Bitcoin is creating a whole new platform for entrepreneurship and will provide an important alternative to fiat currencies in countries where people lack faith in their governments' currencies, said Silicon Valley investor Tim Draper.
"The bitcoin world is this new ecosystem where it doesn't cost that much to start a new bitcoin company, it doesn't cost much to start owning bitcoin either, and it is a much more efficient way of moving money around the world," Draper said on Monday's edition of Squawk on the Street.
Draper also said investors should have some bitcoin in their investment portfolios.
The price of bitcoin on exchanges where it is traded has fluctuated, sometimes dramatically. Overall, though, Draper is confident the currency will trend upward; there is a limited amount of bitcoin and people are using it more and more, he said.
But the money does not lie in mining the currency, which is done with powerful computers which crack code problems to free up bitcoins.

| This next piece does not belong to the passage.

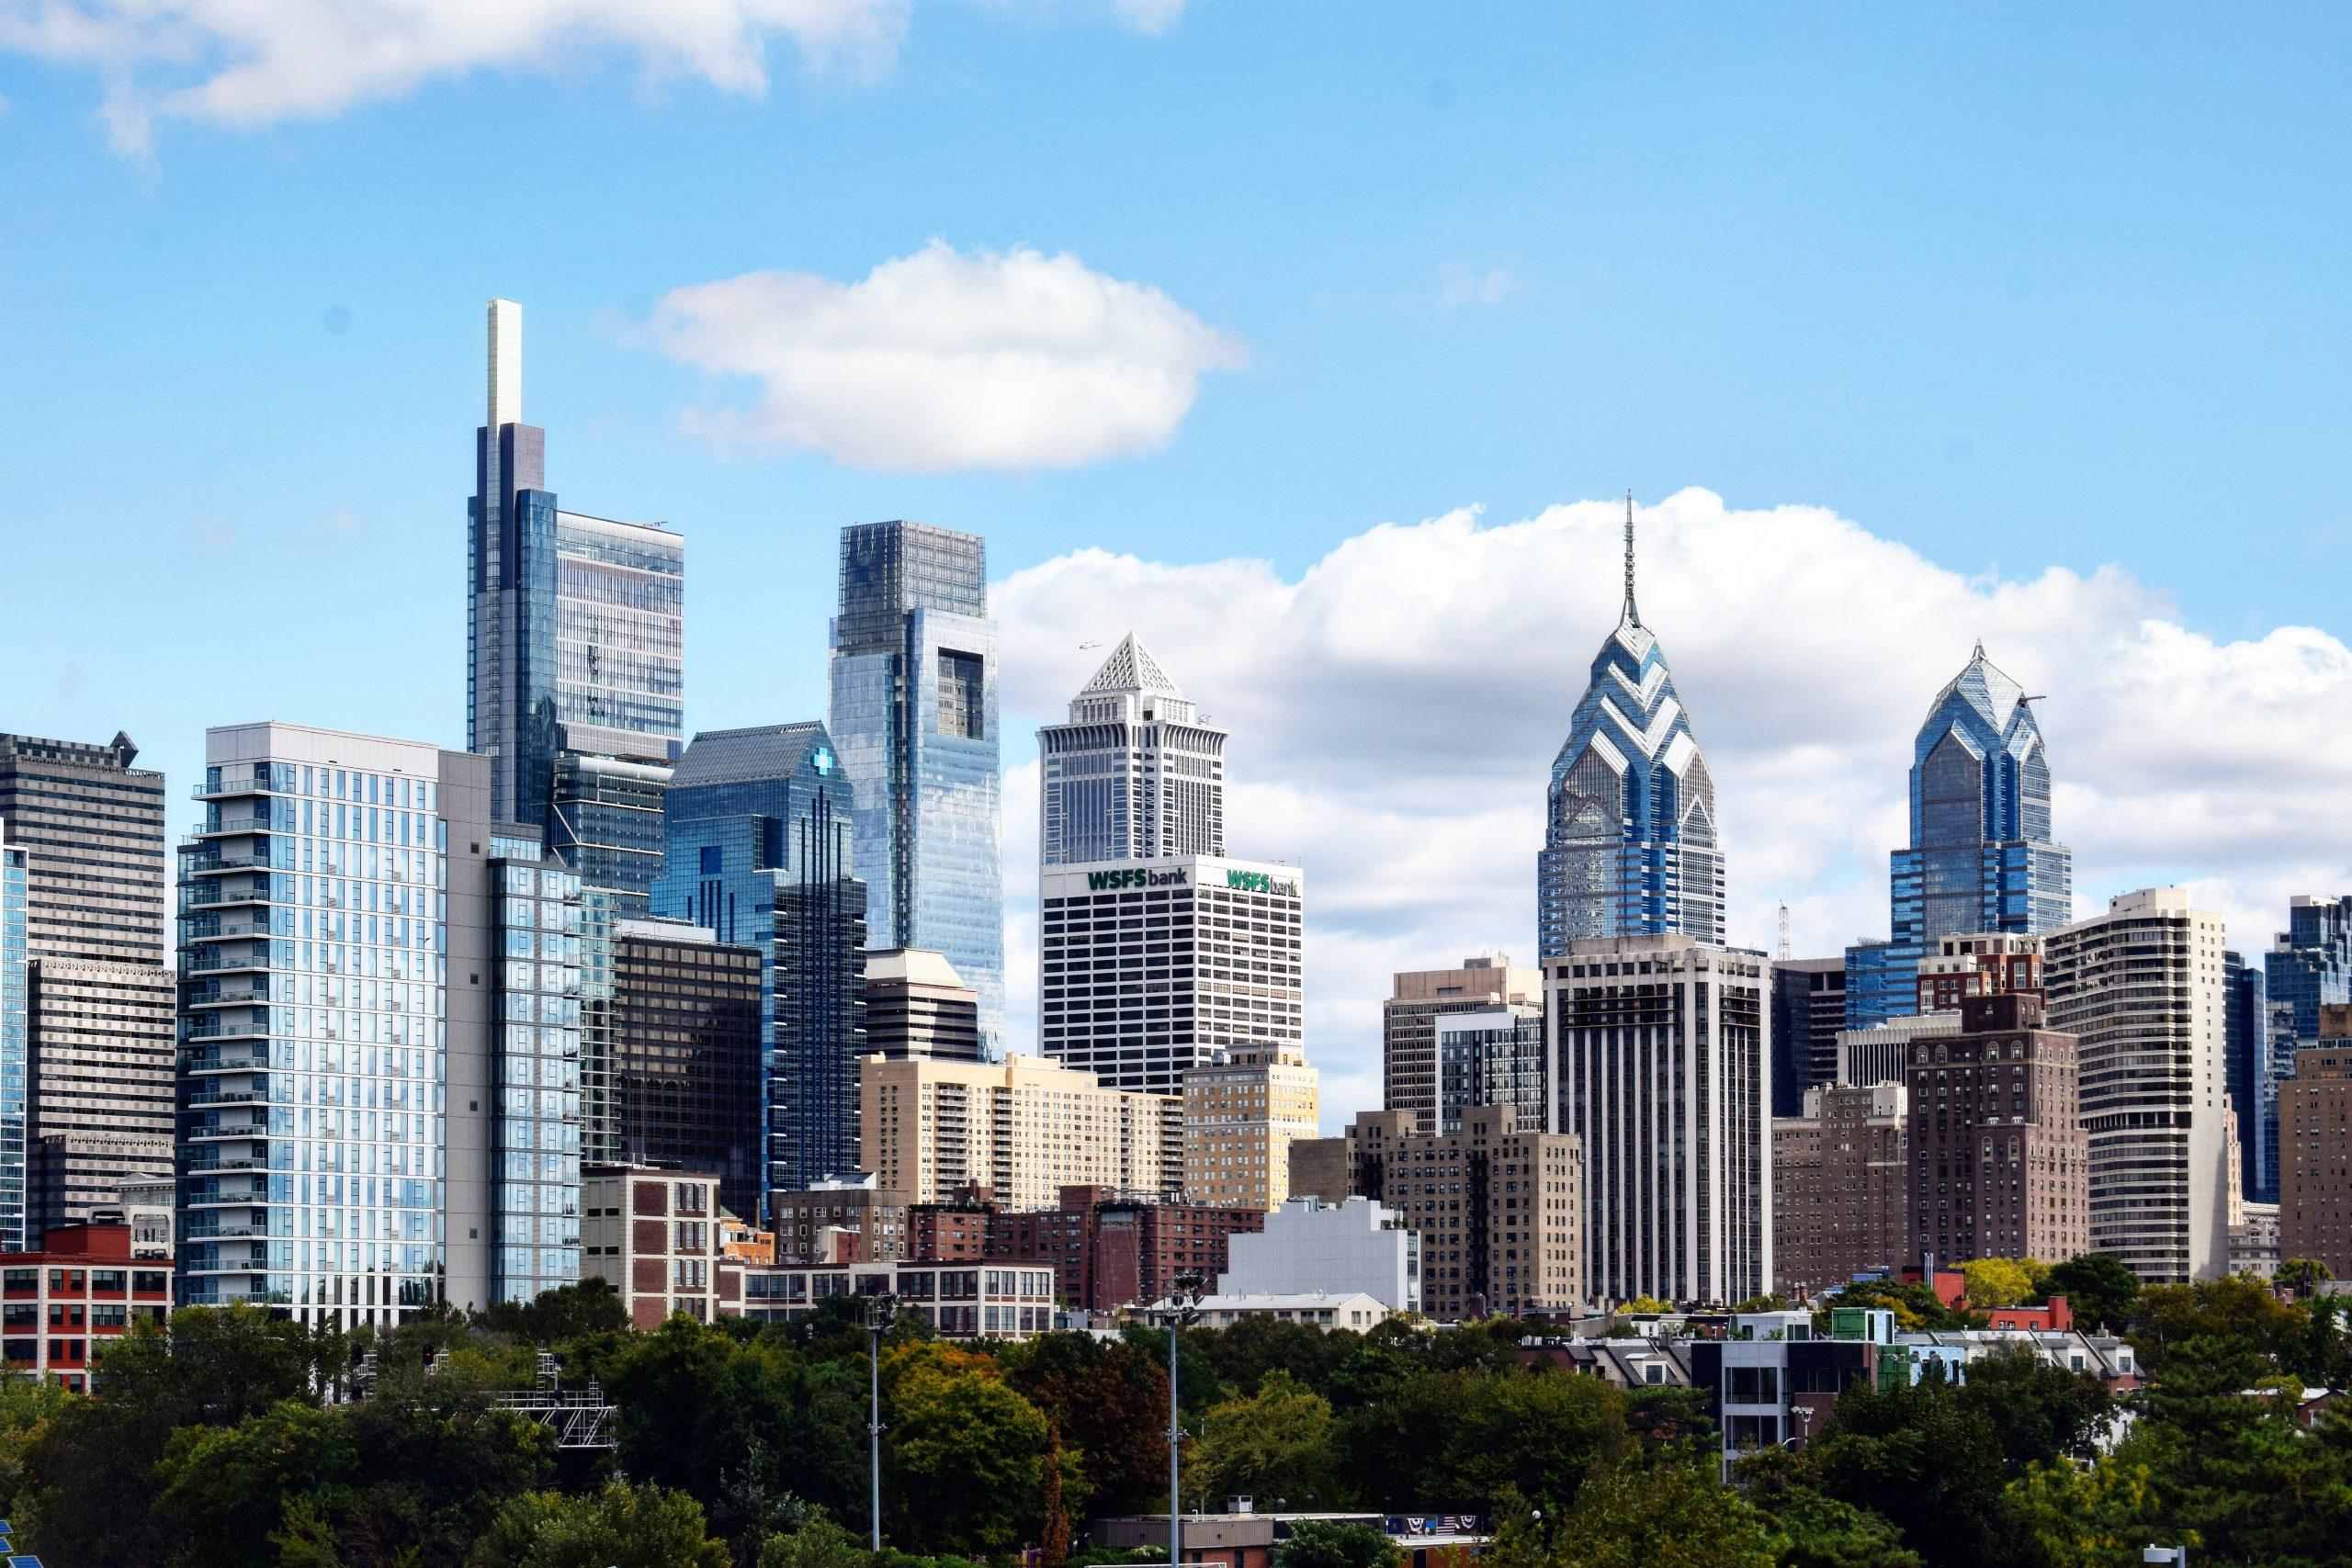 Philadelphia skyline from South Street Bridge. Photo by Thomas Koloski

That space is competitive, and most of the people mining bitcoins are probably doing it for fun, Draper said.
Instead, it is the currency's usefulness that will fuel its ascent.
"Bitcoin is a great alternative for some of these economies where inflation really saps the strength of a country's economy," Draper said. "I expect Pagos in Argentina, Pagatech in Africa, and in Mexico Coincove—all these companies will really thrive because people in those countries are not as confident in their own governments' fiat currency."
(Draper's firm, Draper Associates, has made an investment in Nigerian mobile payments company Pagatech.)
Draper took home all of the nearly 30,000 bitcoins that US Marshals had seized during a crackdown on illegal activity on the online marketplace Silk Road. The founding partner of venture capital firm Draper, Fisher, Jurvetson has not disclosed how much he and fellow investors paid for the chunk of online change, but the lot they took home has been valued at around $18 million.
"All I know is I paid more than all the other guys did, and so winning it at auction is a mixed bag," he said. "But I made a decision that this was going to be a long-term bet."
Despite the expense, Draper calls himself a "believer."